See [skill:dotnet-cli-release-pipeline] for automating this in GitHub Actions.


Agent Gotchas

  1. Do not set RuntimeIdentifier in the .csproj for multi-platform CLI tools. Hardcoding a RID in the project file prevents building for other platforms. Pass -r <rid> at publish time instead.
  2. Do not use PublishSingleFile with PublishAot. Native AOT output is inherently single-file. Setting both is redundant and may cause confusing build warnings.

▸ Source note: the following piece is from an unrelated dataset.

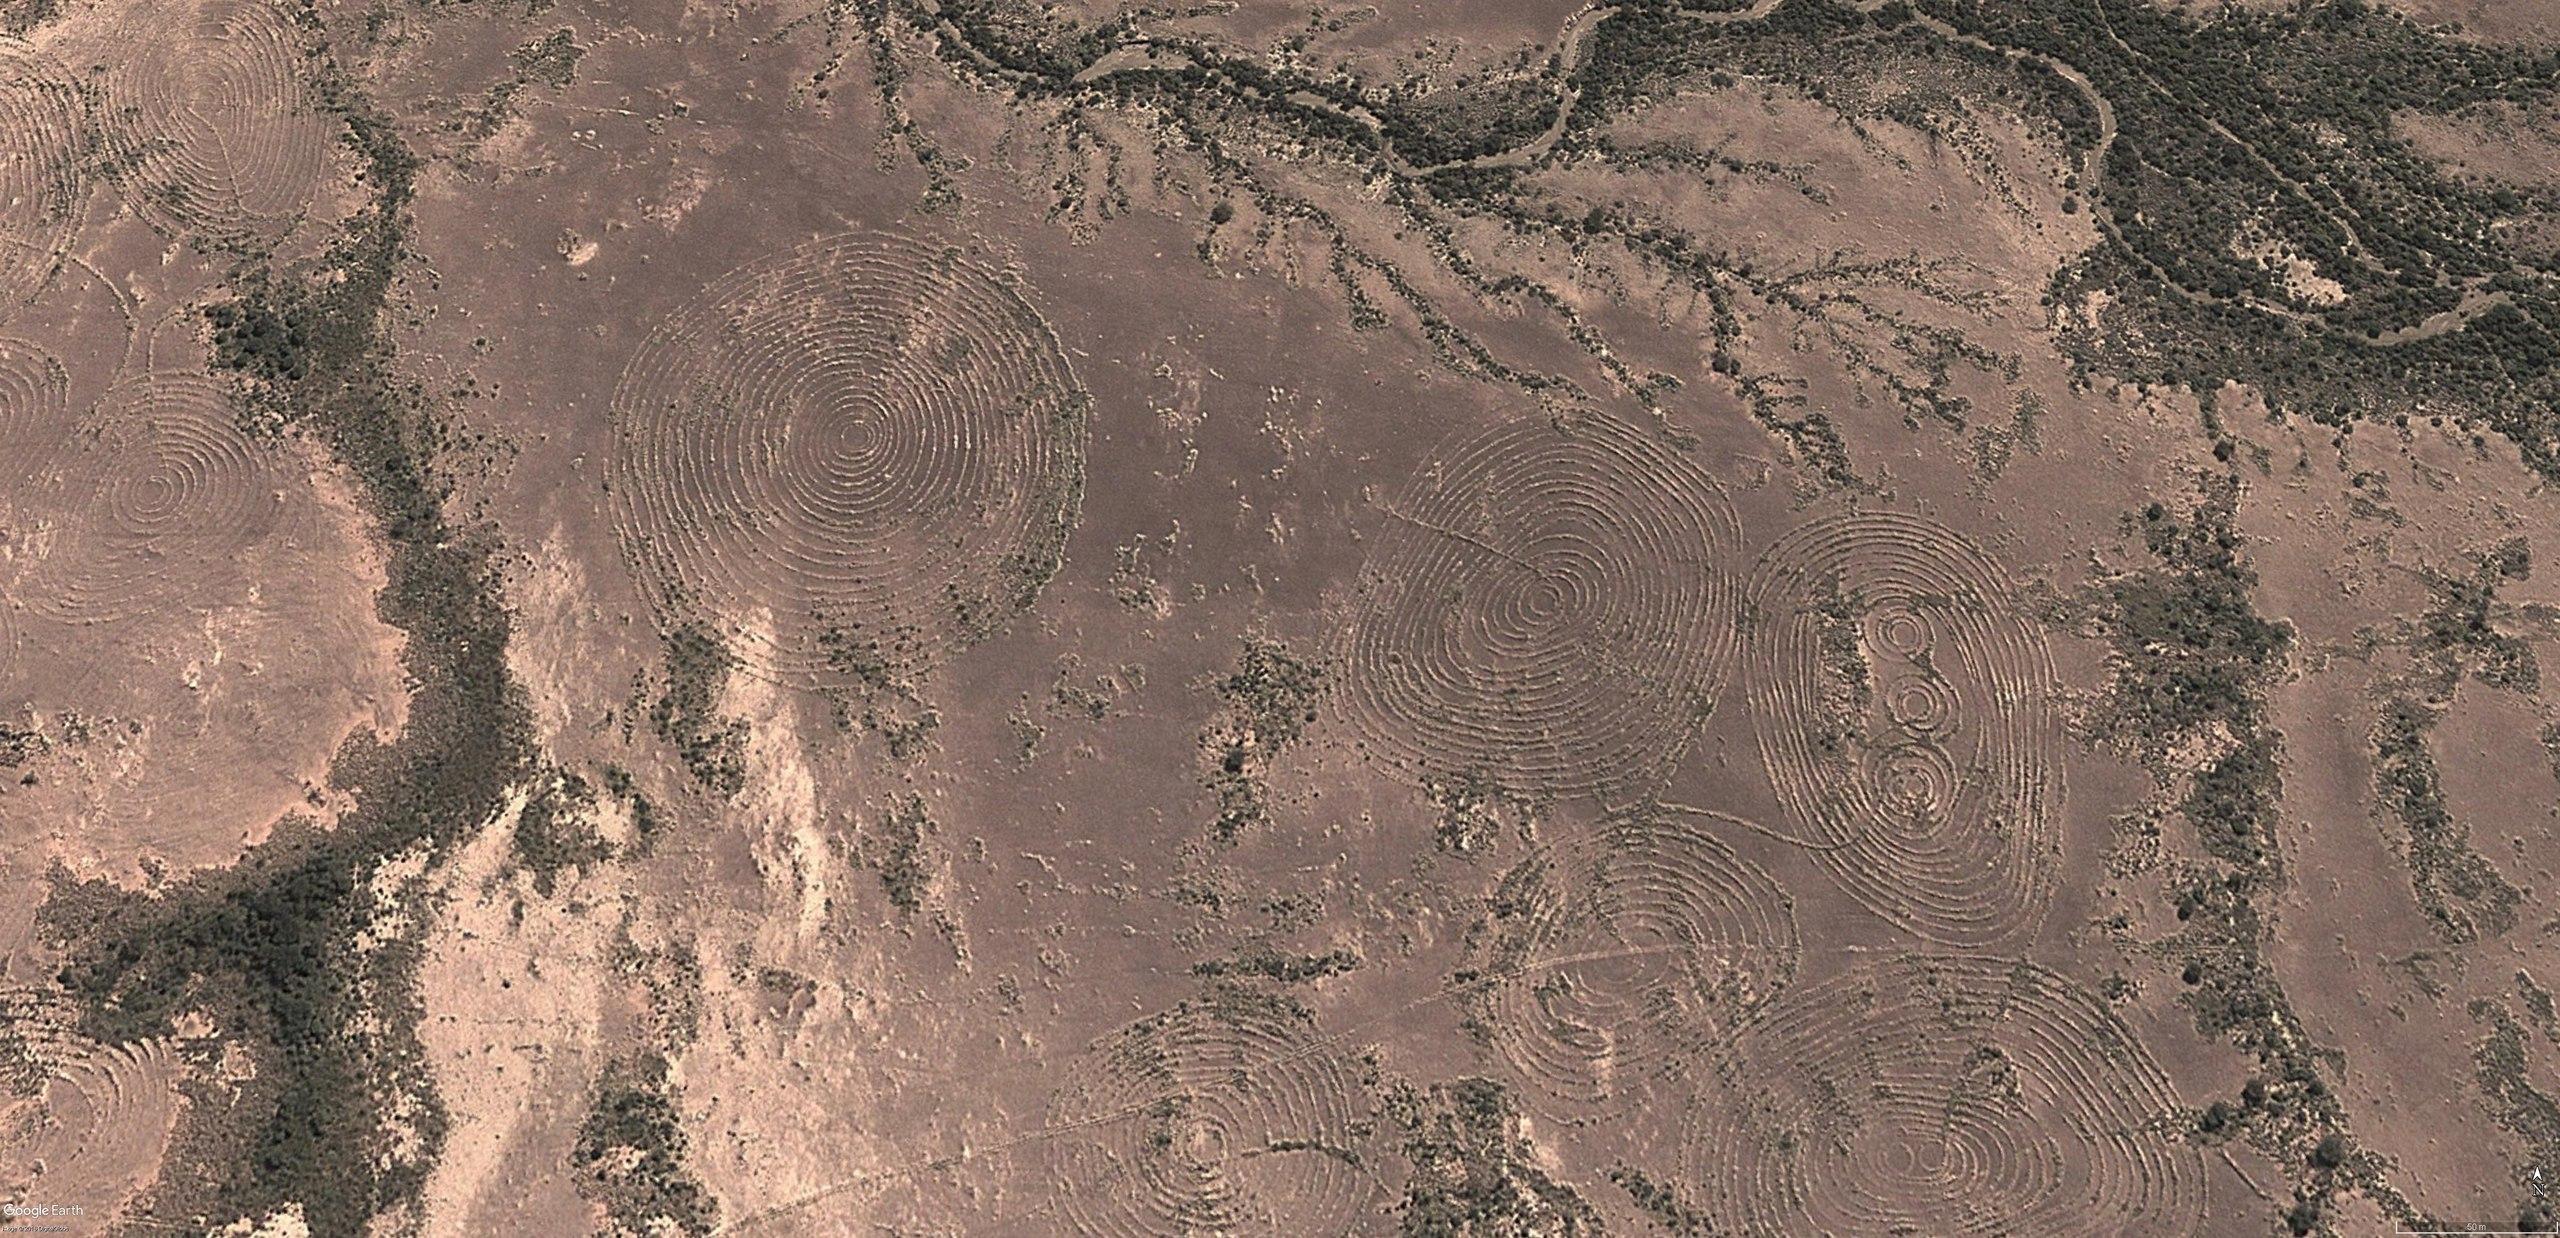 Намибия геоглифы круги мегалиты менгиры Африка

  3. Do not skip InvariantGlobalization for size-sensitive CLI tools. Globalization data adds ~25 MB to AOT binaries. Most CLI tools that do not format locale-specific dates/currencies should enable InvariantGlobalization=true.
  4. Do not distribute self-contained non-trimmed binaries. A 60-80 MB CLI tool is unacceptable for end users. Either trim (PublishTrimmed), use AOT, or distribute as framework-dependent.
  5. Do not forget to produce checksums for release artifacts. Users and package managers need SHA-256 checksums to verify download integrity. See [skill:dotnet-cli-release-pipeline] for automated checksum generation.
  6. Do not hardcode secrets in publish scripts. Use environment variable placeholders (${SIGNING_KEY}) with a comment about CI secret storage for any signing or upload credentials.